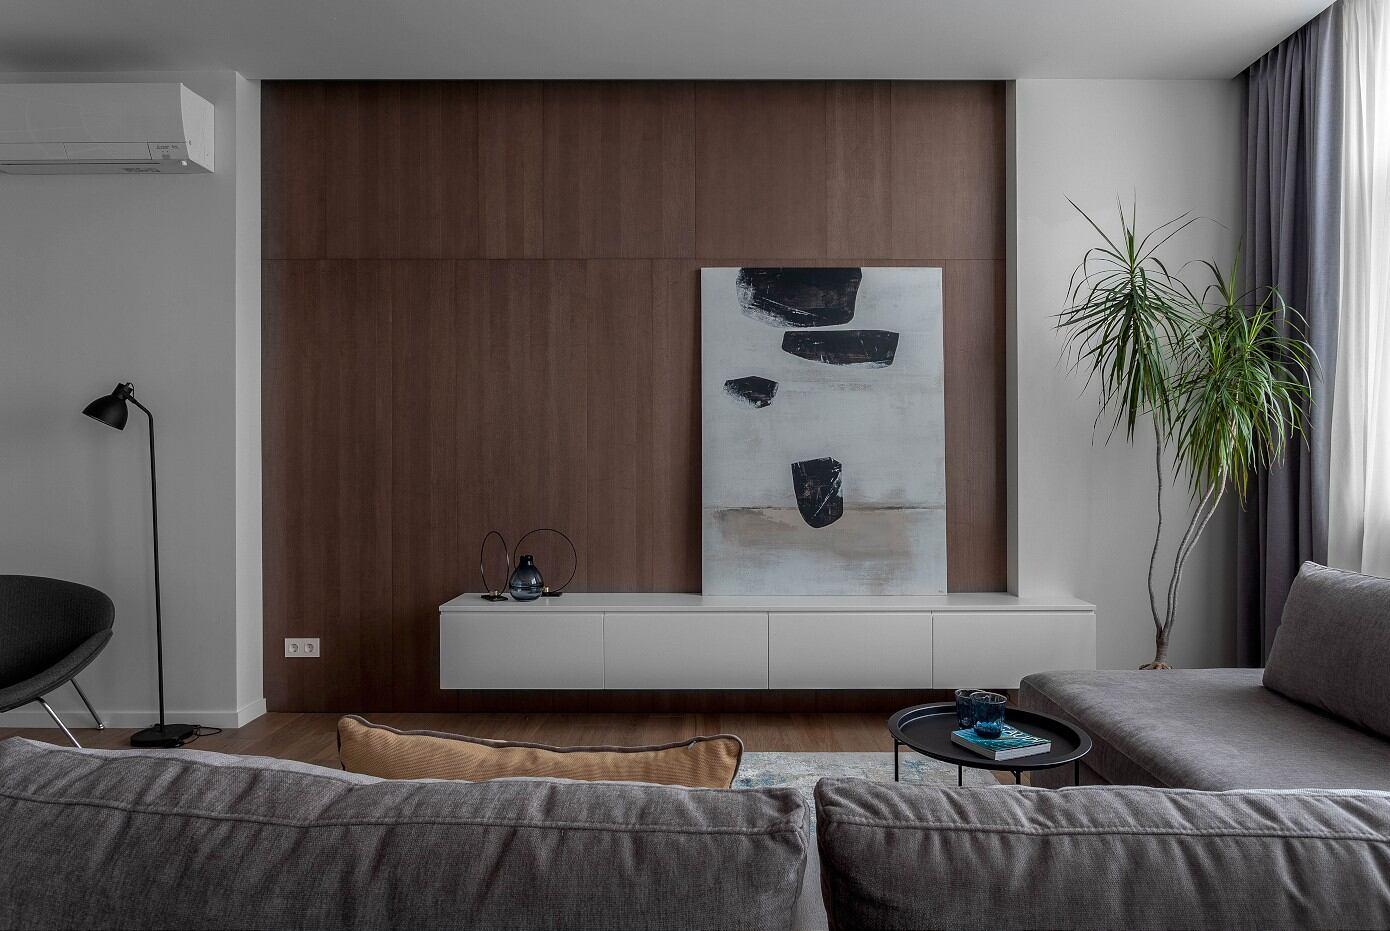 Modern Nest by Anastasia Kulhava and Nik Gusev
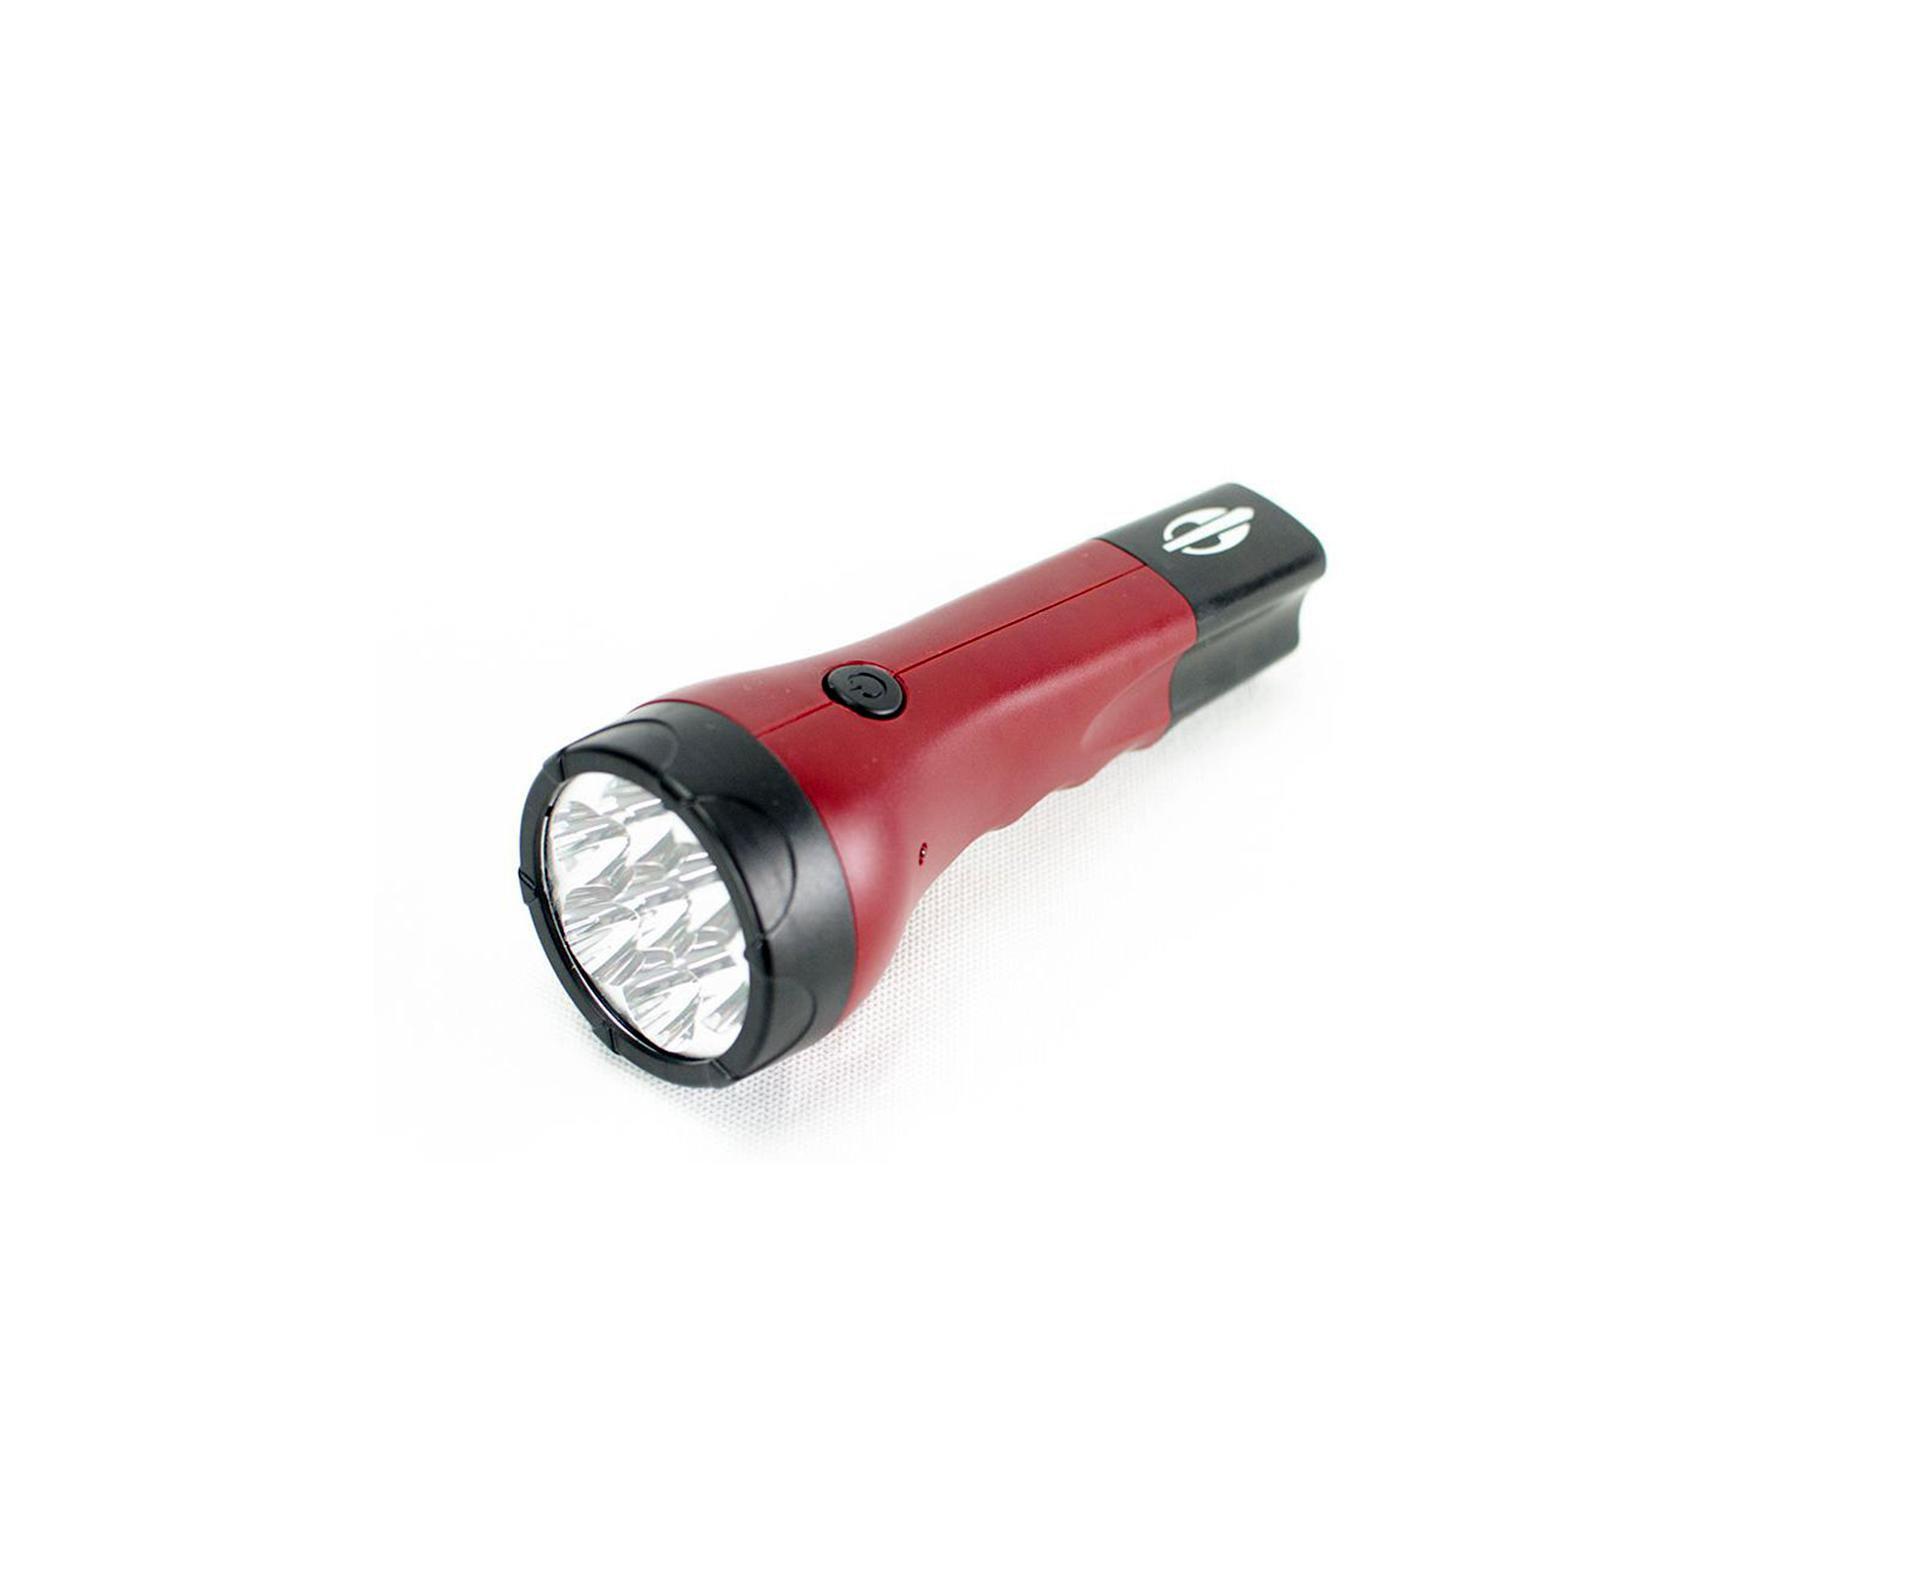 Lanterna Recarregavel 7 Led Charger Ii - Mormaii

---

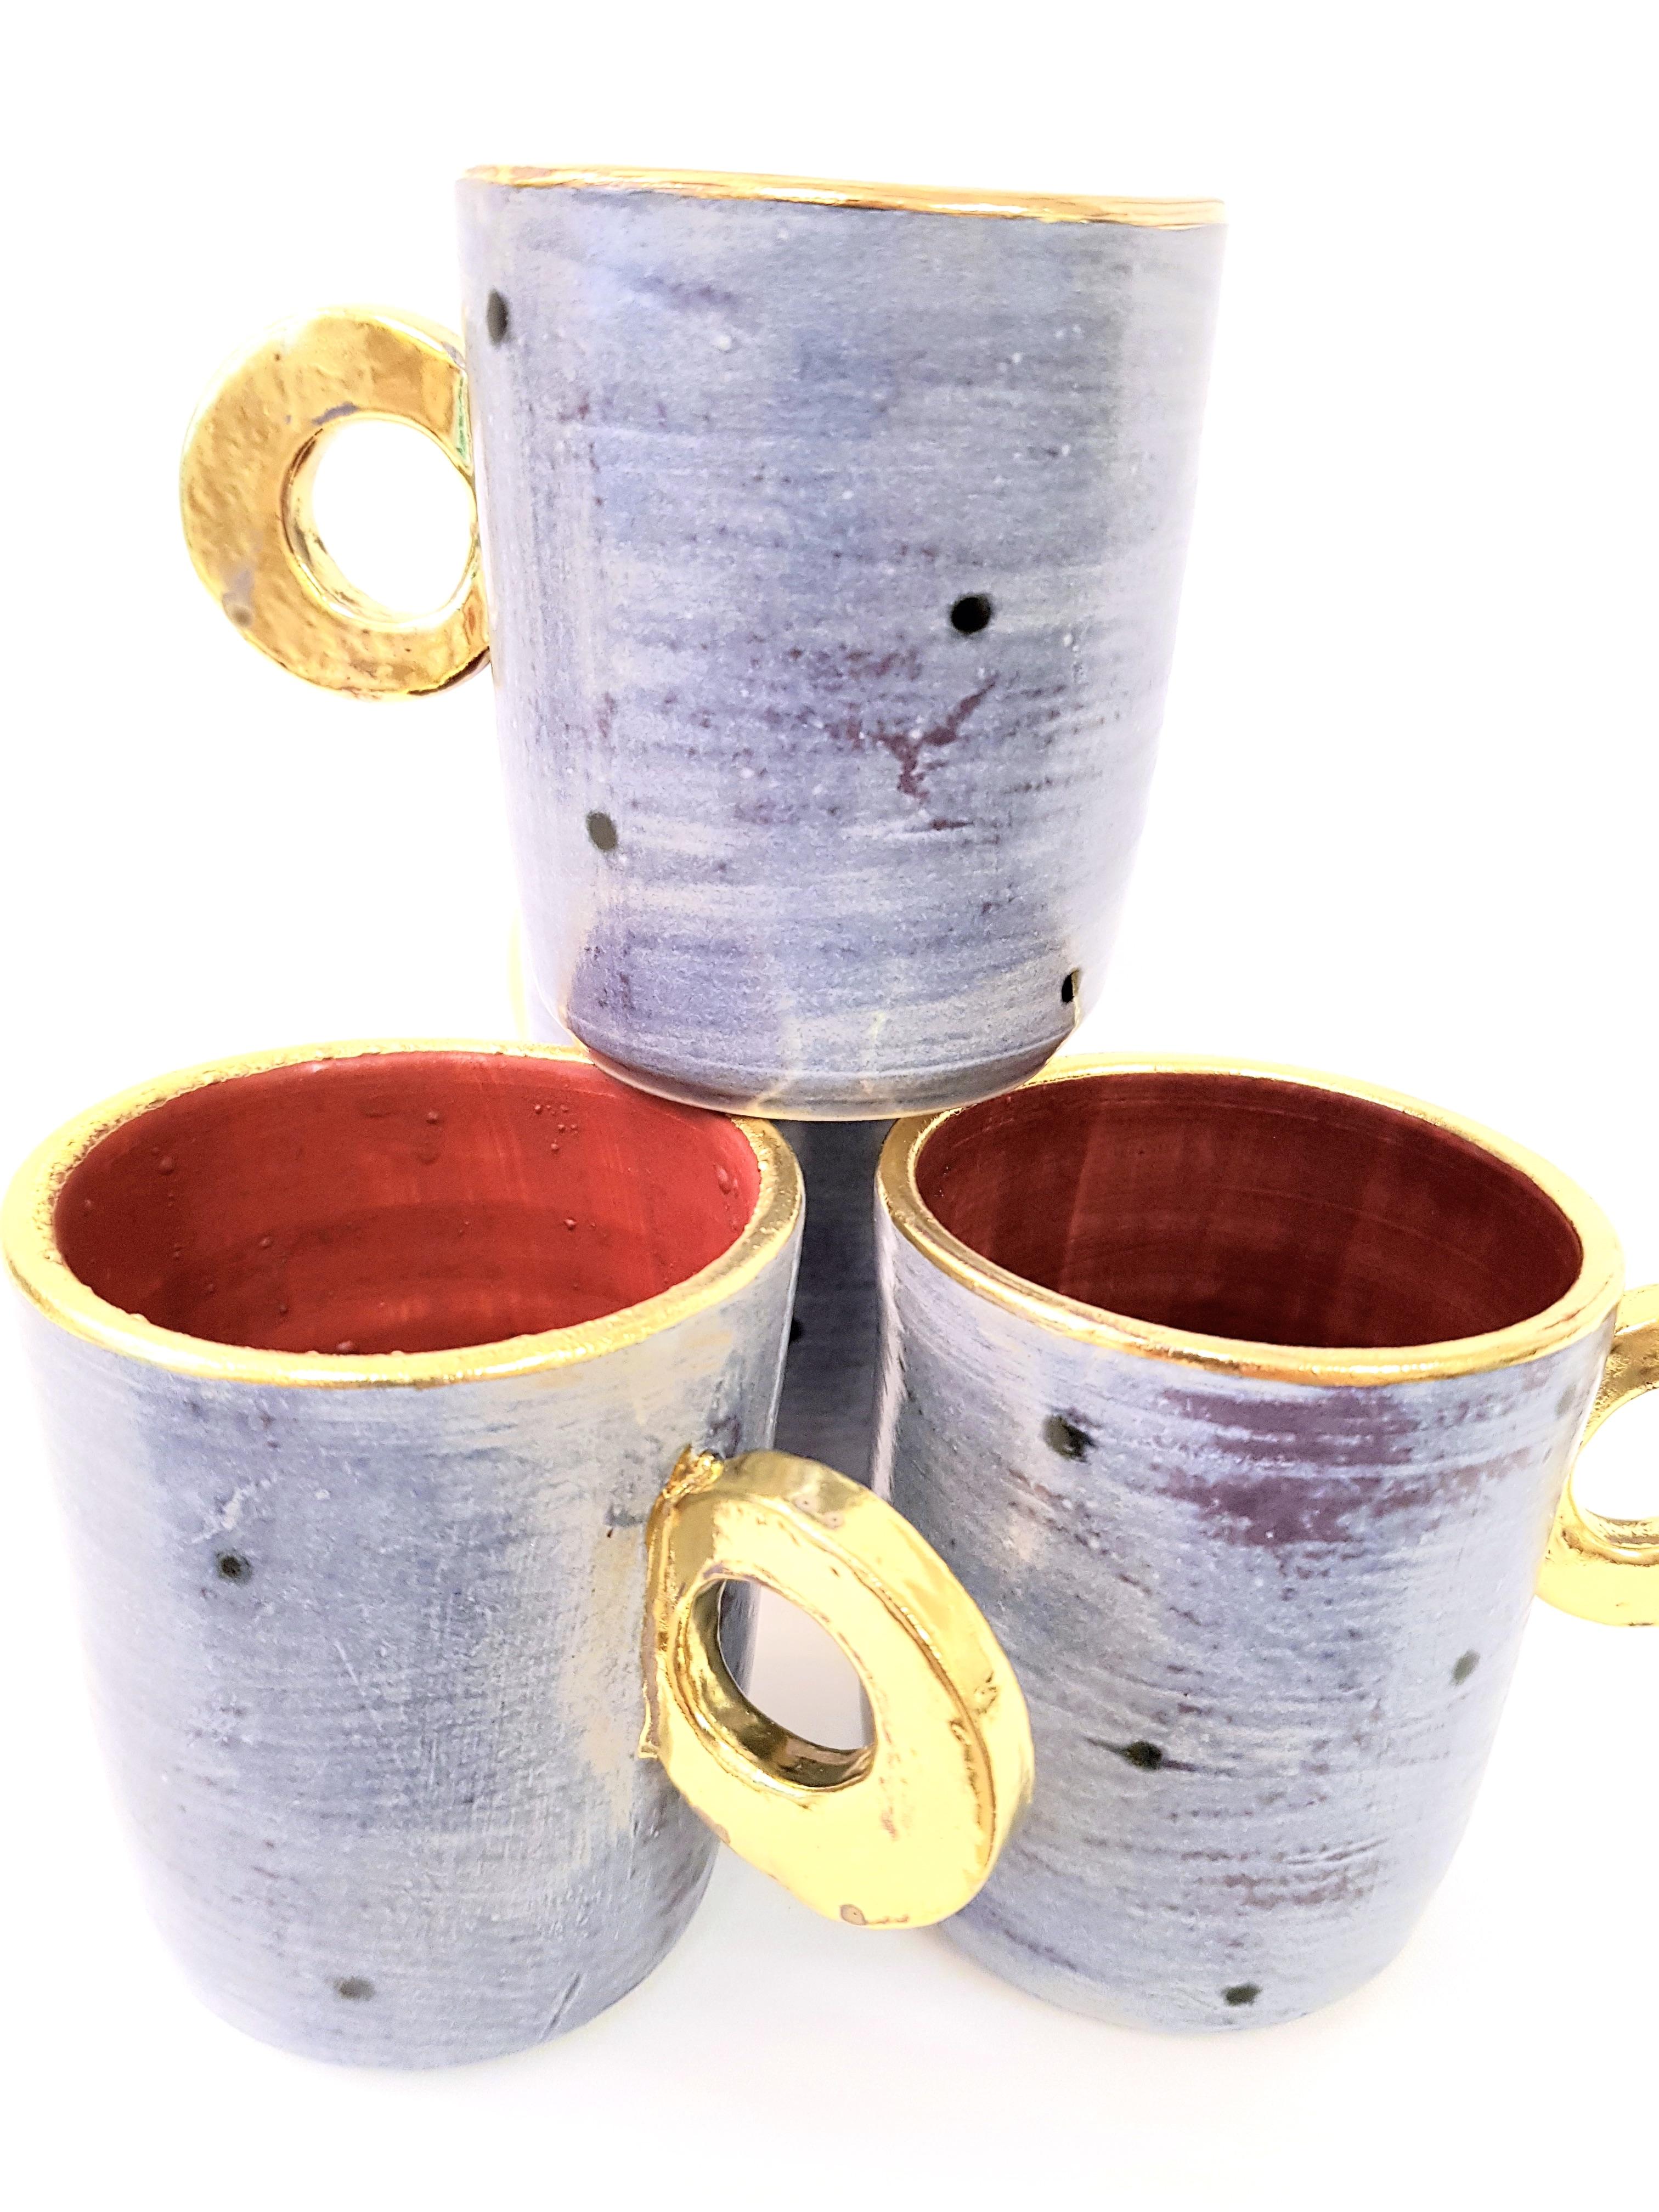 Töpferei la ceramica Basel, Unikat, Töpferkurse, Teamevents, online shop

* Exercise description
Output exactly the lines of the listing above that start with the one holding "Modern Nest by" and go on through the one holding "Lanterna Recarregavel 7"; leave the pictures out.

* Response below
 Modern Nest by Anastasia Kulhava and Nik Gusev
 Lanterna Recarregavel 7 Led Charger Ii - Mormaii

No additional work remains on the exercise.